Potential Problems With the Potential Solutions:
Nuclear—waste segregation for 100,000 years, expensive plants that only last 50 years at best
Wind—not always available, but good start
Hydro—not nearly enough rivers and too many snail darters
Solar—expensive, and we need a lot of them
Solution: make solar so cheap as to be ubiquitous by economics alone.
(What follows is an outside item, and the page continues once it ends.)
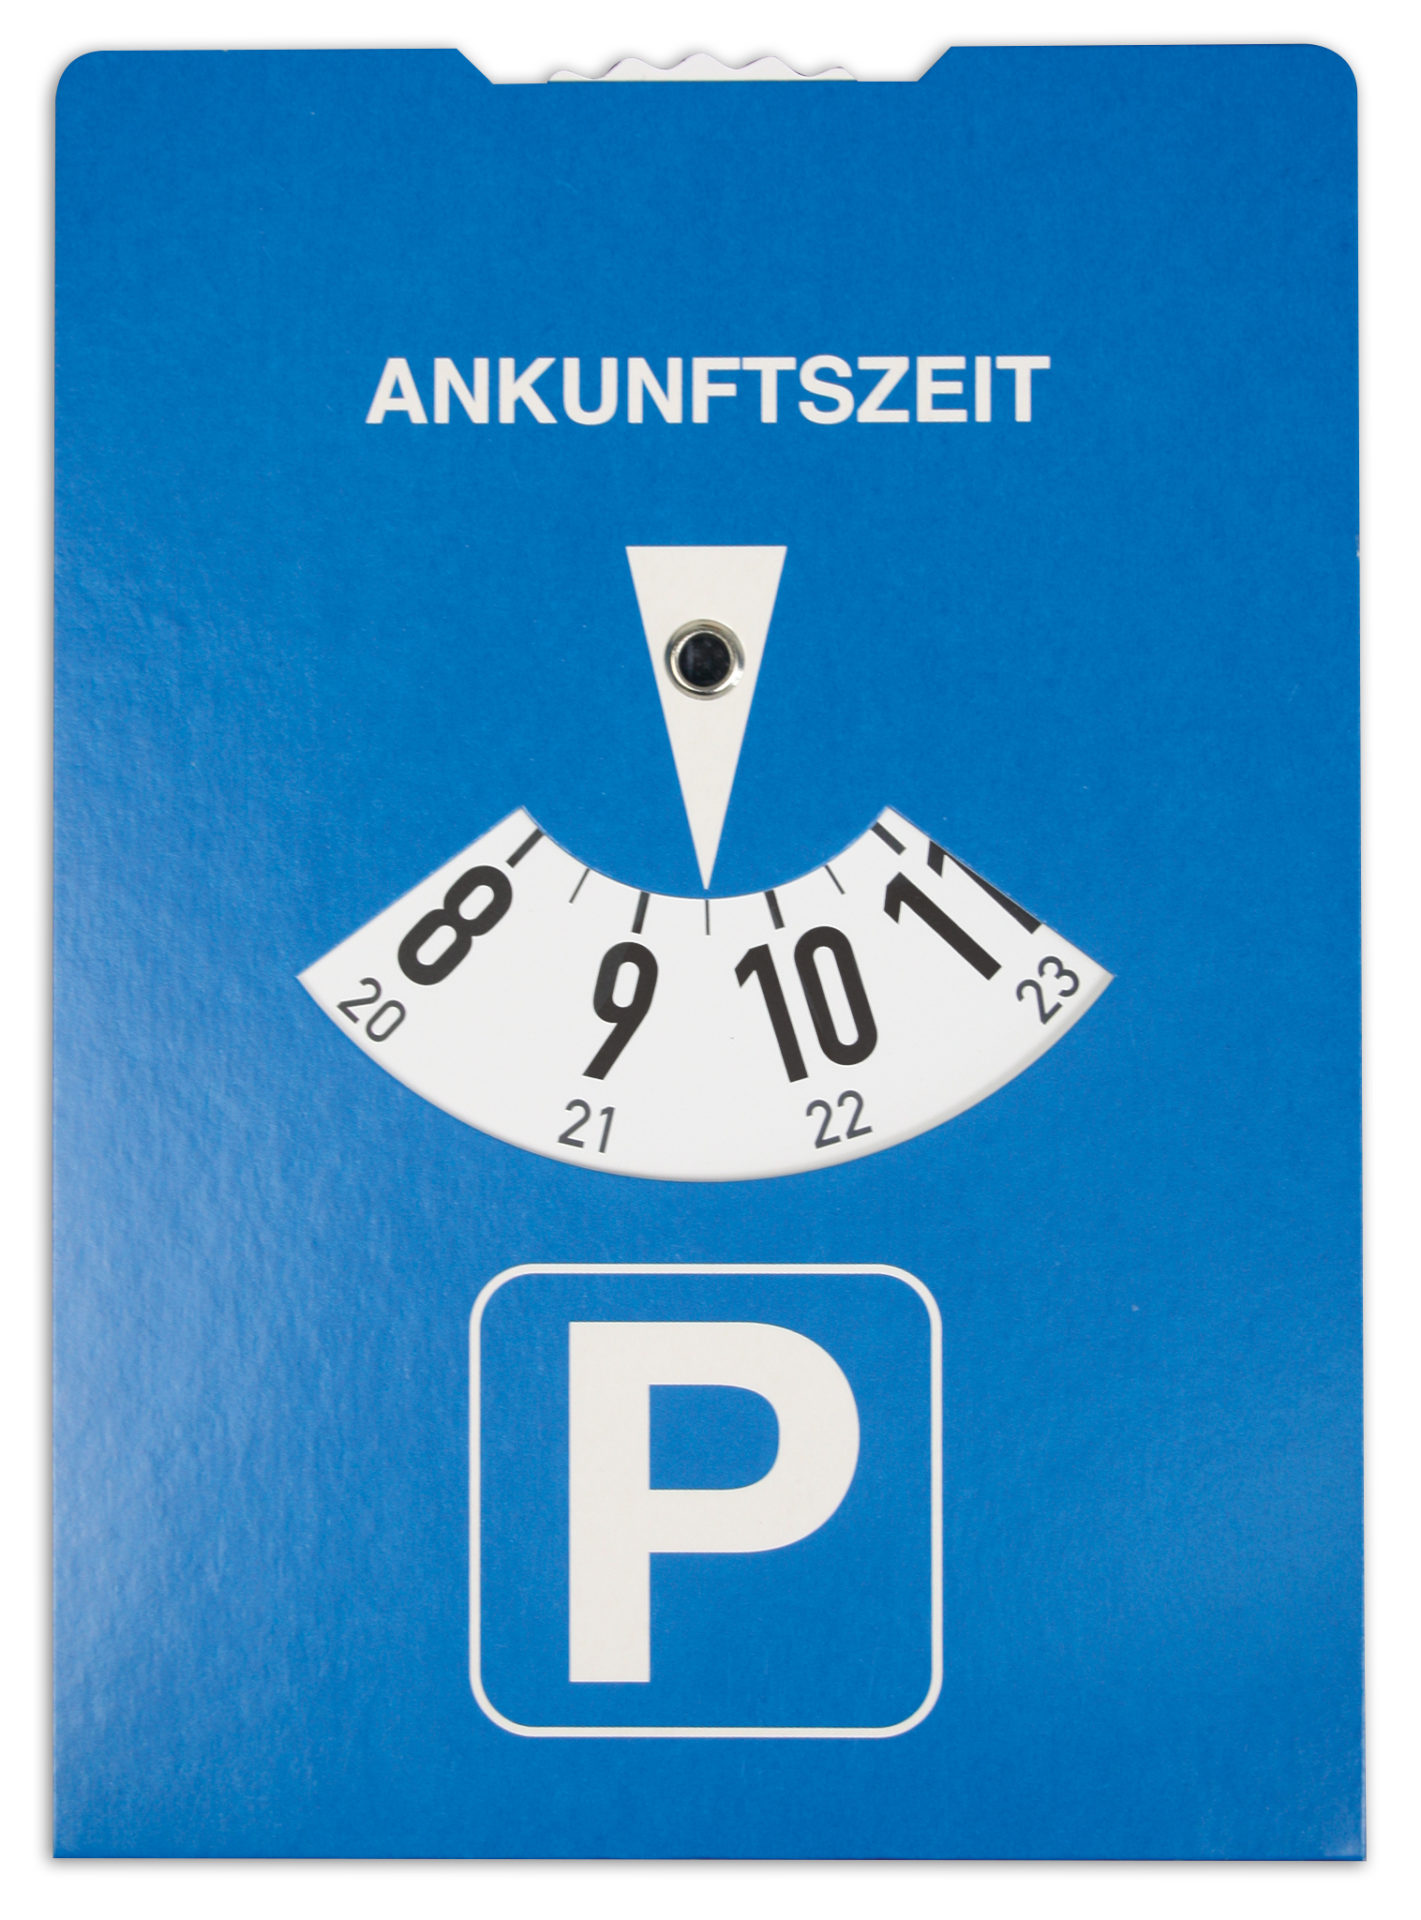 Parkscheibe mit 24-Std.-Einteilung - RNK Verlag

Traditional silicon cells have to be made in expensive, high-temperature processes, like growing a single crystal and slicing it, sputtering other materials on it, etc. Enter alternative materials, such as perovskite (CaTiO3. Actually XIIA2+VIB4+X2−3, but I digress). Perovskites can be manufactured with low-cost, low-energy wet methods (except maybe some annealing of deposited TiO3 ). In one-step solution processing, a lead halide and a methylammonium halide can be dissolved in a solvent and spin coated onto a substrate. Such spin-coated cells recently have shown efficiencies above 20%, competitive with silicon cells. You can make perovskite cells at home without spincoating:
The weird thing about the preceding video is that it was one of many. A LOT of people are looking into perovskites for solar power applications…which is good, because there are a few problems.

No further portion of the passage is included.